Measuring roughly 67 meters in length, the formation dates back around 1,400 years, though theories about its actual purpose abound. Some think it functioned as a burial site, others suggest it was a solar calendar. Whatever the truth may be, it adds a sense of myth and mystery to the already cinematic setting.
The light in Österlen is its own kind of poetry. It can shift in a matter of minutes – fog lifting off the sea to reveal golden fields, or dark clouds drawing a curtain across the cliffs.
For a photographer, it’s a dream and a challenge. You have to stay alert, responsive, and willing to run uphill at a moment’s notice when the light breaks just right or a flock of birds slices across the horizon.

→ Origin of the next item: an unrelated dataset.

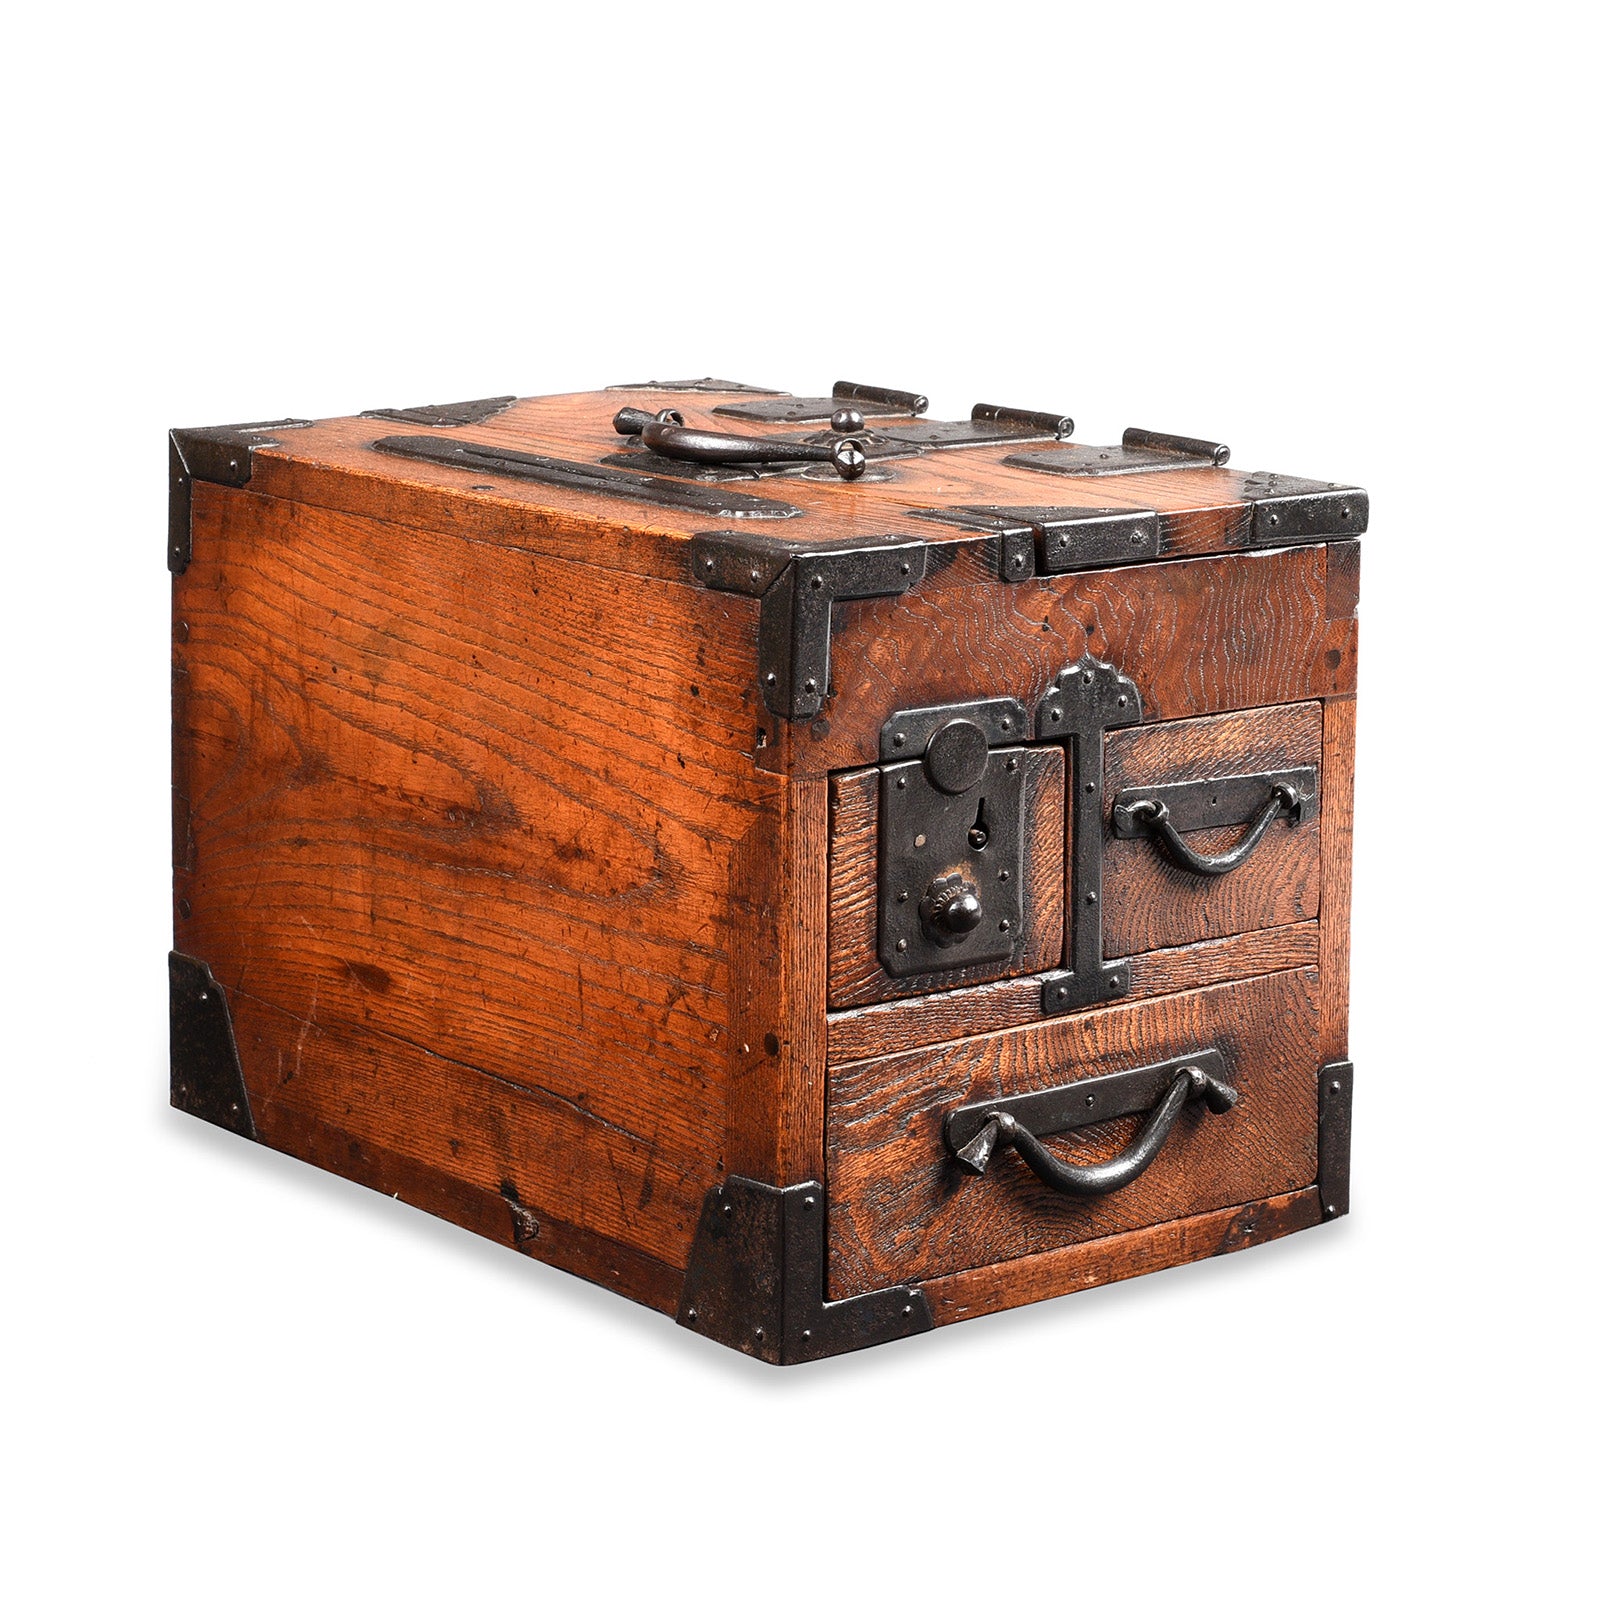 Antique Japanese Keyaki Zenibako Money Box, Edo Period - 19thC | Indigo Antiques

Having Henry there to share the experience was a gift. He once again opened his home and generously shared local insights that only someone with his visual sensibility and connection to the area could provide. which in no small way is evident in his new book, aptly titled Kåseberga.
We spent days with our cameras ready and our evenings reflecting on life and art over a responsible number of ice-filled glasses of bourbon.
In a world increasingly saturated with disposable images, it’s easy to overlook places like Kåseberga. It’s not loud or overly self-promoting.
It doesn’t scream for attention. It simply exists, quietly and confidently, shaped by centuries of wind, salt, and stories. And in doing so, it reminds me that beauty doesn’t always announce itself – it often lingers in silence, in the grain of weathered wood, or the rhythm of waves gently meeting the shore.
And I’m lucky – truly lucky – that I get to not only see these places but also capture them, preserve them, and share them.
So thank you, Kåseberga. And thank you, Henry. Hopefully, I’ll be back someday.